Menzel, C., Schirrmann, T., Konthur, Z., Jostock, T., & Dübel, S. (2008). Human antibody RNase fusion protein targeting CD30+ lymphomas. Blood, 111(7), 3830-3837. doi:10.1182/blood-2007-04-082768.


Zitierlink: http://hdl.handle.net/11858/00-001M-0000-0010-801D-D
Zusammenfassung
Targeted RNases (TRs) are immunoenzymes with ribonucleases as cytotoxic effector domains, which are less immunogenic as plant or bacterial toxin components of classical immunotoxins. In this study, we show the generation and production of the first entirely human TR (huTR) directed against CD30+ lymphomas. The scFv-Fc-RNase construct was produced in human embryonic kidney (HEK) 293T cells, yielding up to 4 mg/L soluble protein after purification by protein A affinity chromatography. Size exclusion chromatography revealed a homodimer of the predicted molecular mass. Surface plasmon resonance analysis revealed an affinity to CD30 of KD of less than 1 nM for both the scFv-Fc and the scFv-Fc-RNase proteins.
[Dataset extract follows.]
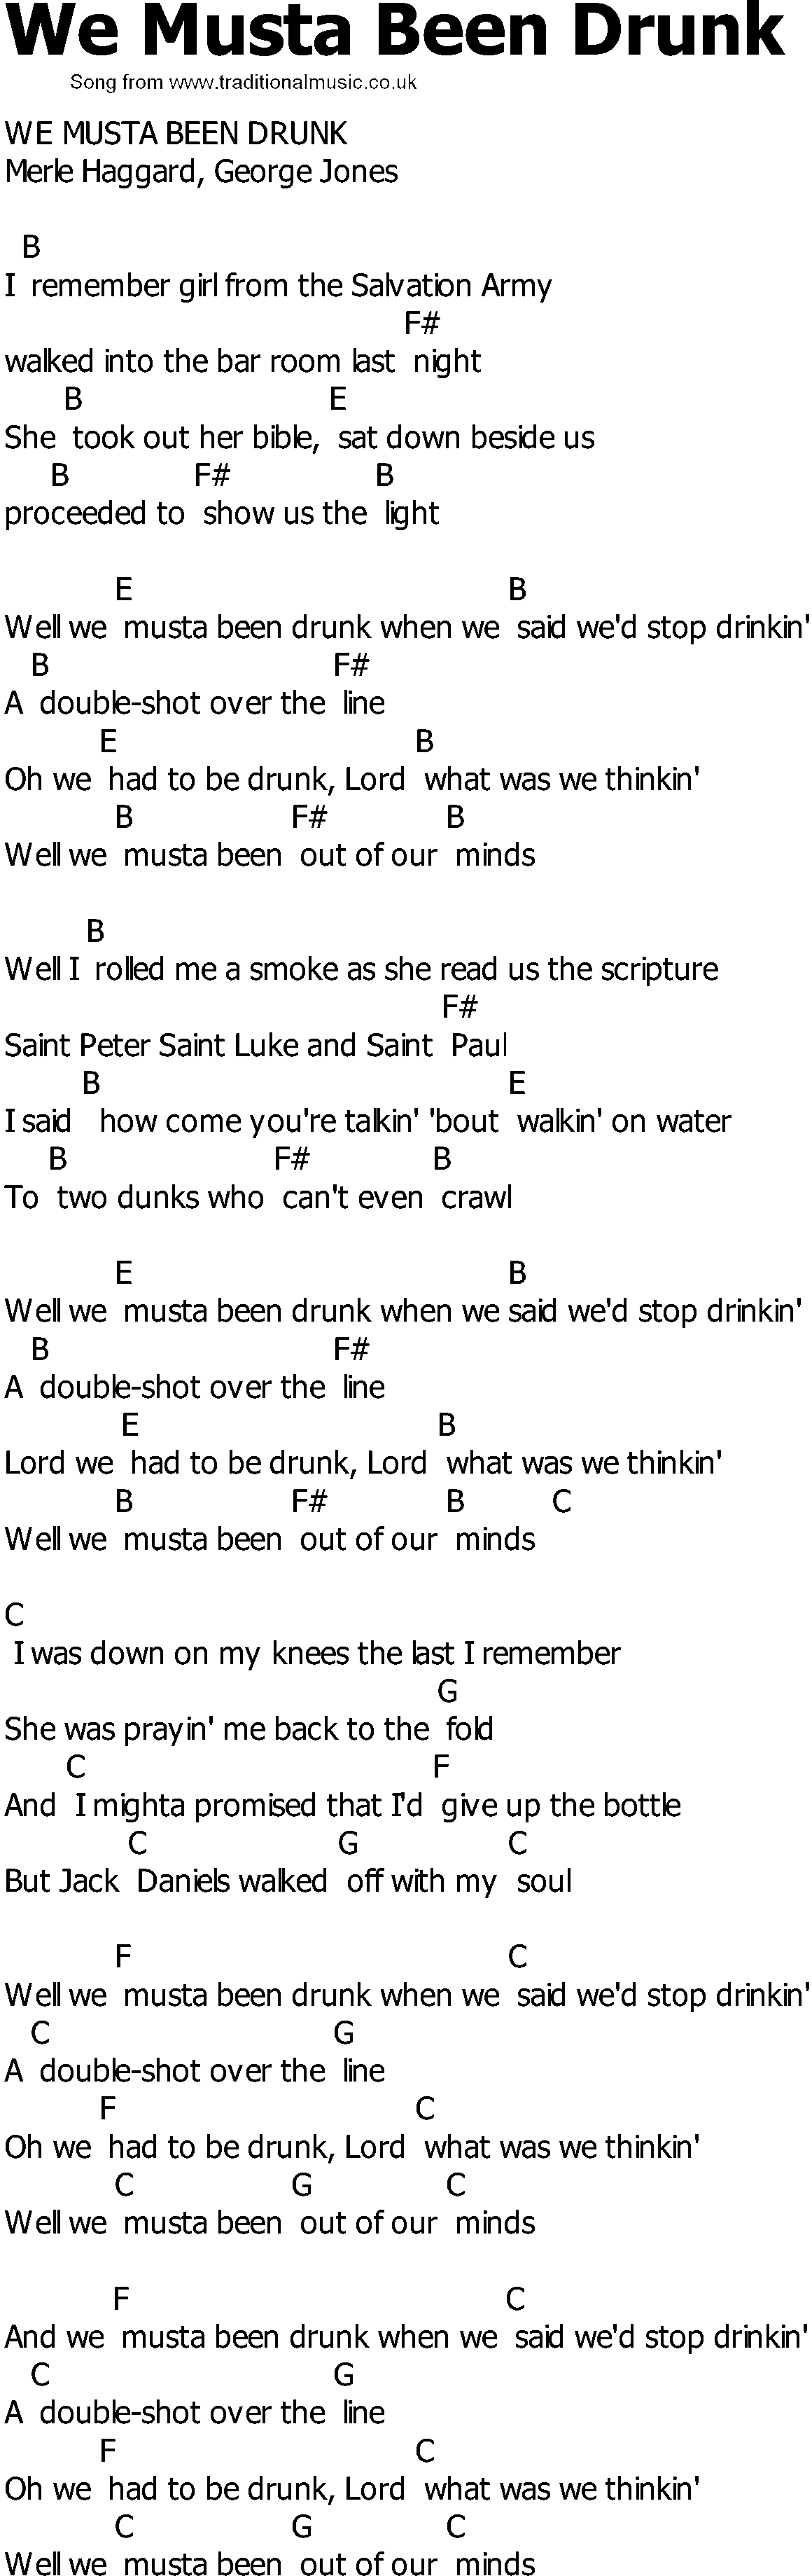 Old Country song lyrics with chords - We Musta Been Drunk
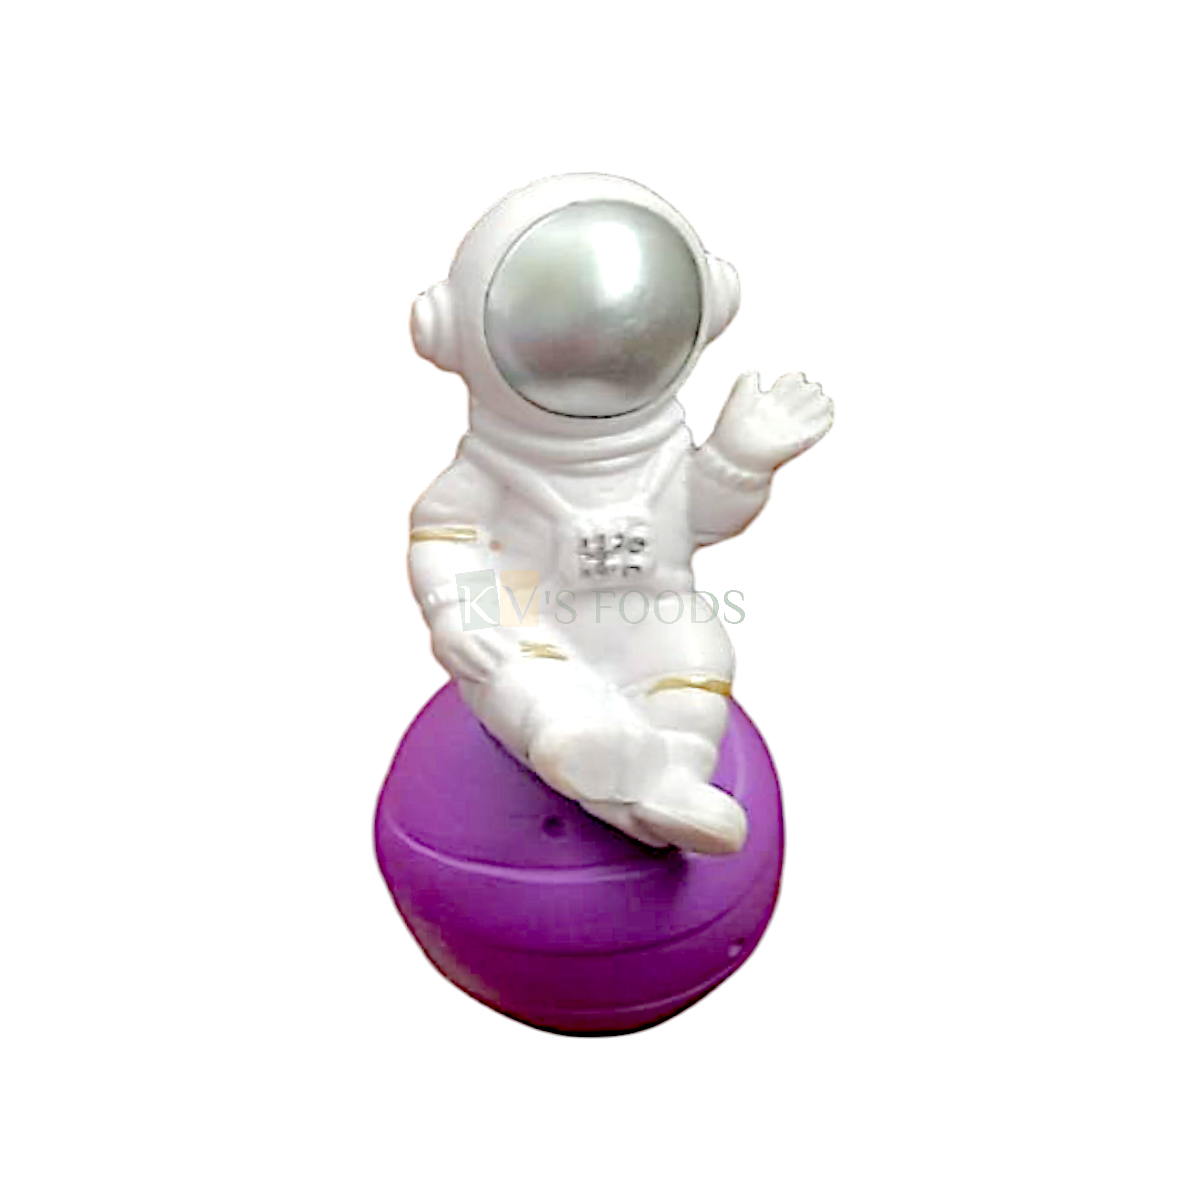 1PC Sitting Astronaut Spaceman Action Figurine on Earth Globe Cake Topper, Galaxy Space Boys Happy Birthday Theme Cake Decoration, Miniature Figurine, Figure for Shelf Bookstore Office Car Dashboard

Internalization of the scFv-Fc-RNase protein by CD30+ Karpas-299 cells was demonstrated by confocal microscopy. Proliferation of the CD30+ lymphoma cell line Karpas-299 was strongly inhibited by CD30-specific huTR protein (IC50 = 3.3 nM). The huTR is a promising candidate for the immunotherapy of CD30+ lymphomas because of its expected low immunogenicity, good production yields, and potent effector function upon target cell binding and internalization. Its modular design is set to target other internalizing tumor antigens using different antibody domains.